Thursday, July 02, 2009

Writing activity from the past several weeks, Pt 5

I also have a certain Pythagorean mysticism about the fundamental unity and intelligibility of being, and yet I reject the premise of Pythagoras and Descartes that mathematics is a first principle. Consider that Daniel Tammet "sees" numbers as shapes, colors, and movement; I'm persuaded that he and other savants have a privileged access to truth not as numerical but as phenomenological. Logic and math are secondary, they are declensions of what is ultimate.

I am also convinced that, while there is not exactly a way to "de-fine" the marks of truth (which implies that truth is fin-ite), the marks of error are easier to perceive. Systems that are closed and complete, yet which arrogate to explain the whole and lay it completely bare, almost certainly need adjustment if not scrapping. Theories which leave human agency and aspirations frustrated, or which terminate in absurdity, may have value in reminding us of real chaos, but it can only be a penultimate chaos. I have both intellectual and faith reasons for that conviction.

My avatar is something like a "theological seal"; it represents to me something like an archimedean point of reason and faith. Kenosis is the Greek word used in Philippians to describe the Incarnation: he "emptied himself". In this case, it doubles as a condition of truth--that truth must be open to infinity, and completely accessible.

Comment
let's just never get into a debate about feminism vs. Christianity.

Reply
Oh, I dunno. I don't think it would be as ugly as you think. I have a whole theology (actually borrowed from Hans Urs von Balthasar) of Christ as supra-feminine; if the Son is Logos, the Word, there may be here an identity with Holy Wisdom, spoken of in the feminine, or even the bride of the Song of Solomon. Even so, I know that this theory won't satisfy feminists, who still correctly point to the primacy of the Father, to whom Scripture and tradition refer to in the masculine.

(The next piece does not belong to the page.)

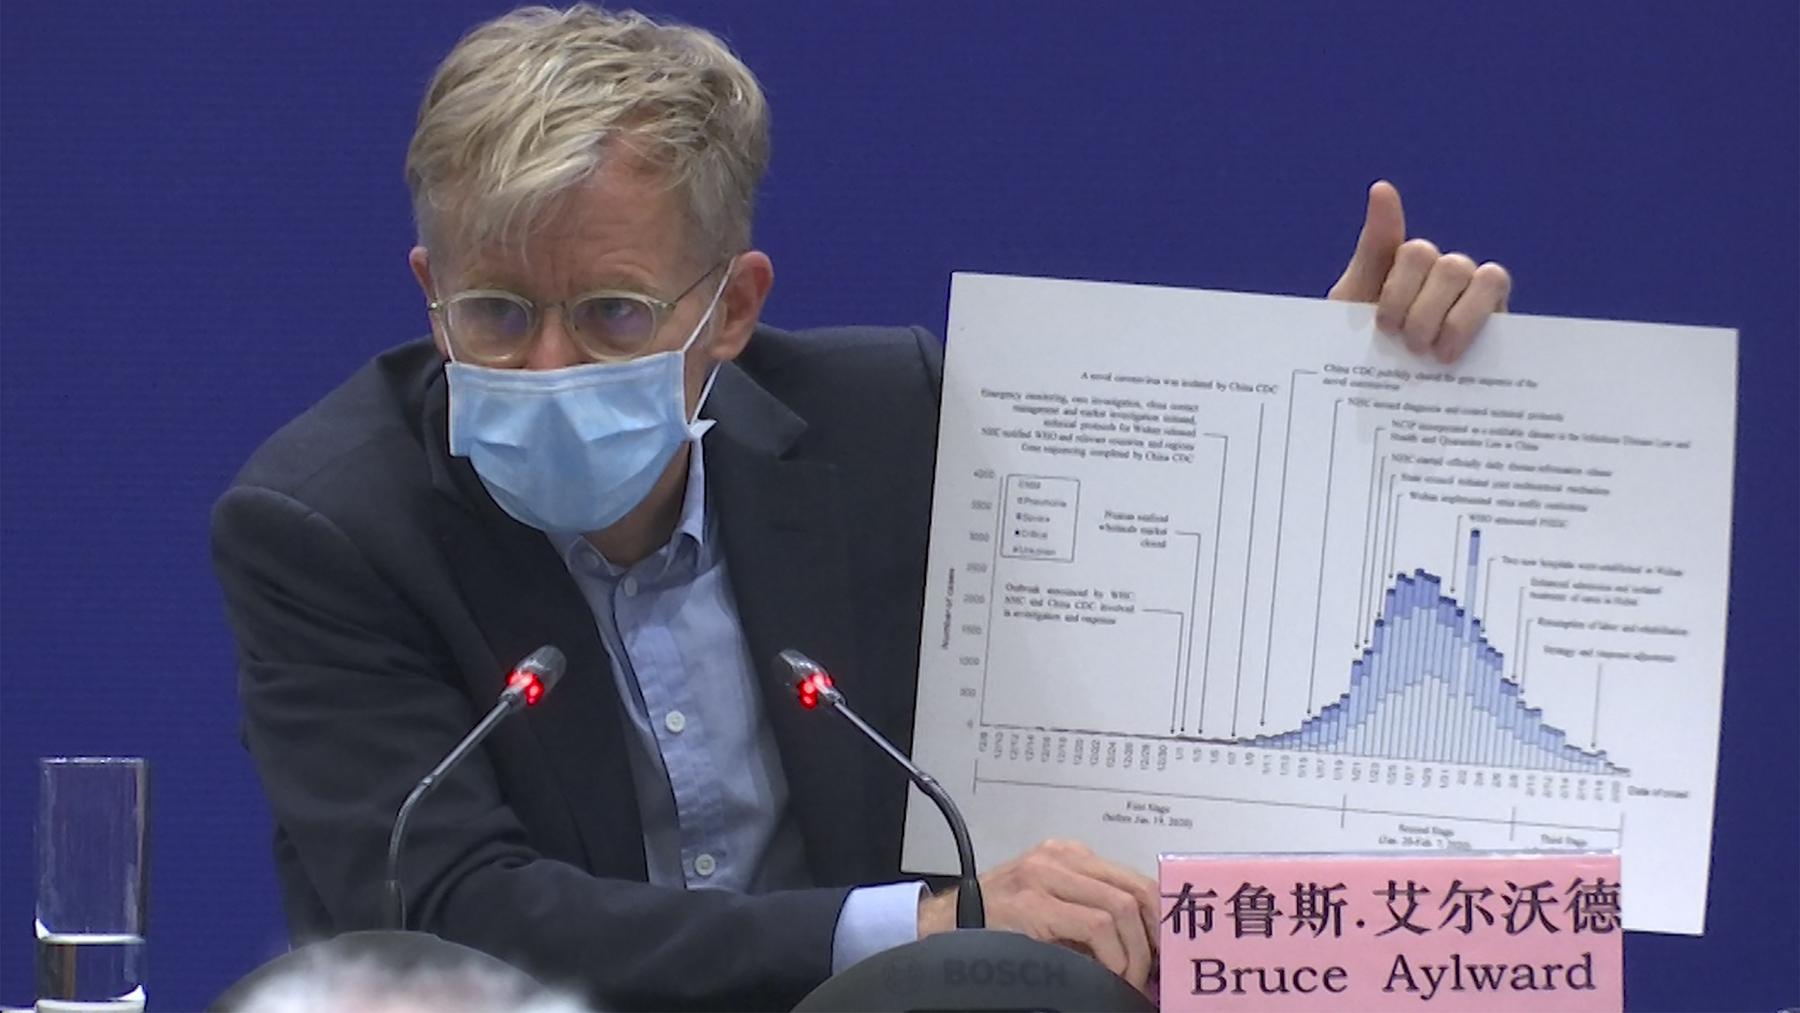 世界卫生组织关于布鲁斯艾尔沃德在北京出席记者会。(美联社)
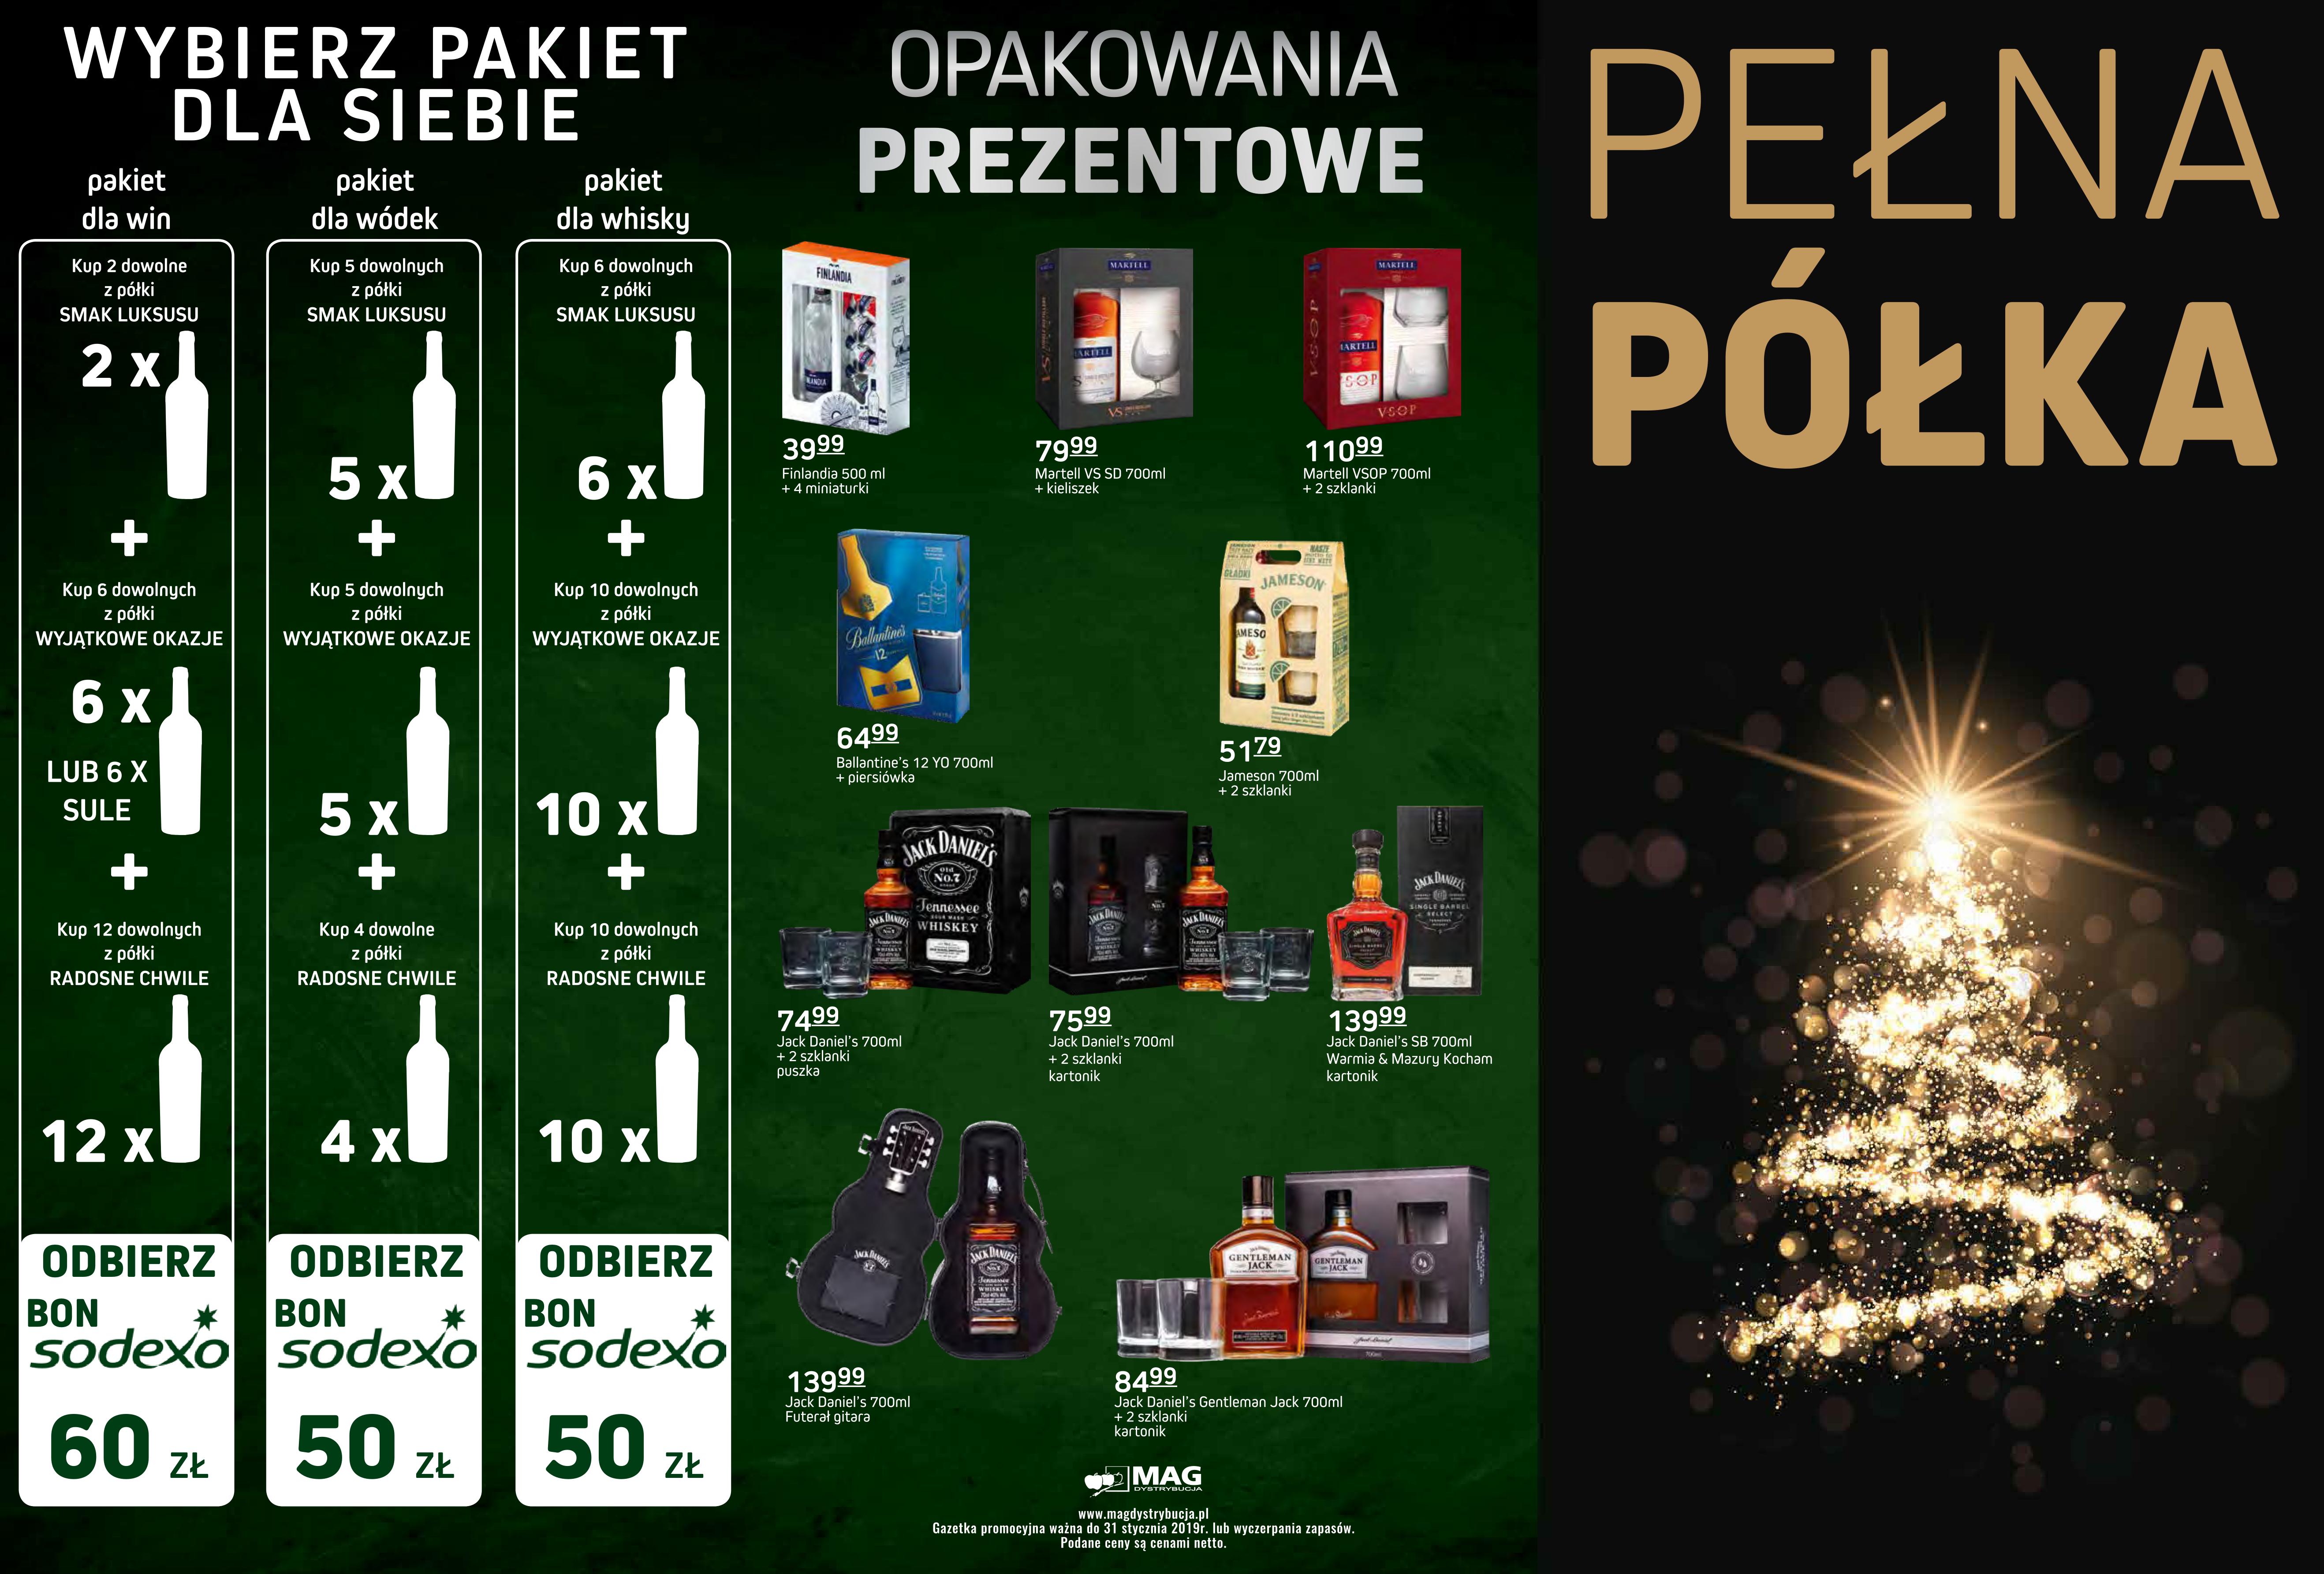 pelna_polka_Olsztyn_1

I've read Mary Daily's "The Church and the Second Sex," and I know that any attempt to justify the status quo of the male priesthood will only viewed by some as a smokescreen concealing male will-to-power. But without losing my rabid orthodoxy, I can still say that if the feminine is "second" within a Trinity, that makes her the central sex; the pivot, the linchpin, the axis. IMO, a correct understanding of sex in Christianity does two things: (1) recognizes the inter-sexual dynamic of the Trinity, and (2) relativizes the importance of the clergy in the bigger picture of salvation.

1 comment:

Matt of CG said...

Any machine that serves a specific purpose so well as to be considered insubrogate, is consequentely cherished by the one who utilizes it. This holds true for: Firearms, cars, planes, trains, ships, and the like. And because these machines are so cherished, they are often referred to as, "she" as is evidenced in popular culture.

The word "she" is used as a term of endearment, the ultimate term of endearment. And, with regard to the machine called Wisdom, the word, "she" is meant only as a term of endearment, nothing more.

Why? cuz if you're lookin' for a female character to endear yourself to in faith, who happens to be a subordinate to the Trinity, then the Virgin Mary should suffice.